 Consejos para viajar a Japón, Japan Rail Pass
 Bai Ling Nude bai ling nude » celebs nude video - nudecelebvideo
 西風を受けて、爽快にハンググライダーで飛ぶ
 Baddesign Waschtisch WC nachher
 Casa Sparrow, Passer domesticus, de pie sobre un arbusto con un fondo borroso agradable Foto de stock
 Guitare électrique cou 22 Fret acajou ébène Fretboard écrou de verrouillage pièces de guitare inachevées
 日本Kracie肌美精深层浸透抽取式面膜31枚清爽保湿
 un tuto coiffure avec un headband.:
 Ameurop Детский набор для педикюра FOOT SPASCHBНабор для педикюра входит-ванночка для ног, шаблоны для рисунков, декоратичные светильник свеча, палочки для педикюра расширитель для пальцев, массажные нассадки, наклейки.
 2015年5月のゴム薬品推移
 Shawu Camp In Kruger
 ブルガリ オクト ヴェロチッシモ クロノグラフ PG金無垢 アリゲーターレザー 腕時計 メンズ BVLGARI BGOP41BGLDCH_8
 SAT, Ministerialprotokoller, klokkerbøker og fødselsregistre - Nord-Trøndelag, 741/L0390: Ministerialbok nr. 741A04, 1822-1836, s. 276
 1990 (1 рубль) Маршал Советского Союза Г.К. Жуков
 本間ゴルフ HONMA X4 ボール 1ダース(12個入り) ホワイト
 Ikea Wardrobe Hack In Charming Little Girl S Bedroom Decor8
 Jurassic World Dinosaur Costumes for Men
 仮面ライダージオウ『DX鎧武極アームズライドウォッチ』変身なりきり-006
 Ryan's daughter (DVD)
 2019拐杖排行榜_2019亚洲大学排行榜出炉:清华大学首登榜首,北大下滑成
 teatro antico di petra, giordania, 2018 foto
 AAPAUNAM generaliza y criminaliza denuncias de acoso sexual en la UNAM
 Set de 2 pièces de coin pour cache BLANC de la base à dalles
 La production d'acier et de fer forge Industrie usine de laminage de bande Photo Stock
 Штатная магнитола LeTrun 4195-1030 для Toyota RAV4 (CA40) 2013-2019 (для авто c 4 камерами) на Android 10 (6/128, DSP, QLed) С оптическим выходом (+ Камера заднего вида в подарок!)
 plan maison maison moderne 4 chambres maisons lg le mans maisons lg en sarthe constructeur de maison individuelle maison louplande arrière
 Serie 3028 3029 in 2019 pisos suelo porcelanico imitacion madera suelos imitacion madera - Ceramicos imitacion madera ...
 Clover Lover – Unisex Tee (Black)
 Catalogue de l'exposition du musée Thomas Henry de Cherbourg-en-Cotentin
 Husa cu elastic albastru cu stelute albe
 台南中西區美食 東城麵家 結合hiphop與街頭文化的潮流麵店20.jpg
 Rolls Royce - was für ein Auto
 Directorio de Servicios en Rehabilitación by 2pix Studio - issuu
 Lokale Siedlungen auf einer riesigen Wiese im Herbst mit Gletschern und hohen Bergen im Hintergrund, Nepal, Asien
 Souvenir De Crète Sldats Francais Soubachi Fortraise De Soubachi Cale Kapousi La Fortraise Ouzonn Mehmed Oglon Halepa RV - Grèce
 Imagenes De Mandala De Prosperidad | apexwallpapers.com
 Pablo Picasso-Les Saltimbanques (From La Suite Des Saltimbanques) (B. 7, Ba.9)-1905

● **Exercise objective**
Search the data above for the string "pièces" and report each line that holds it.

● **Task output**
 Guitare électrique cou 22 Fret acajou ébène Fretboard écrou de verrouillage pièces de guitare inachevées
 Set de 2 pièces de coin pour cache BLANC de la base à dalles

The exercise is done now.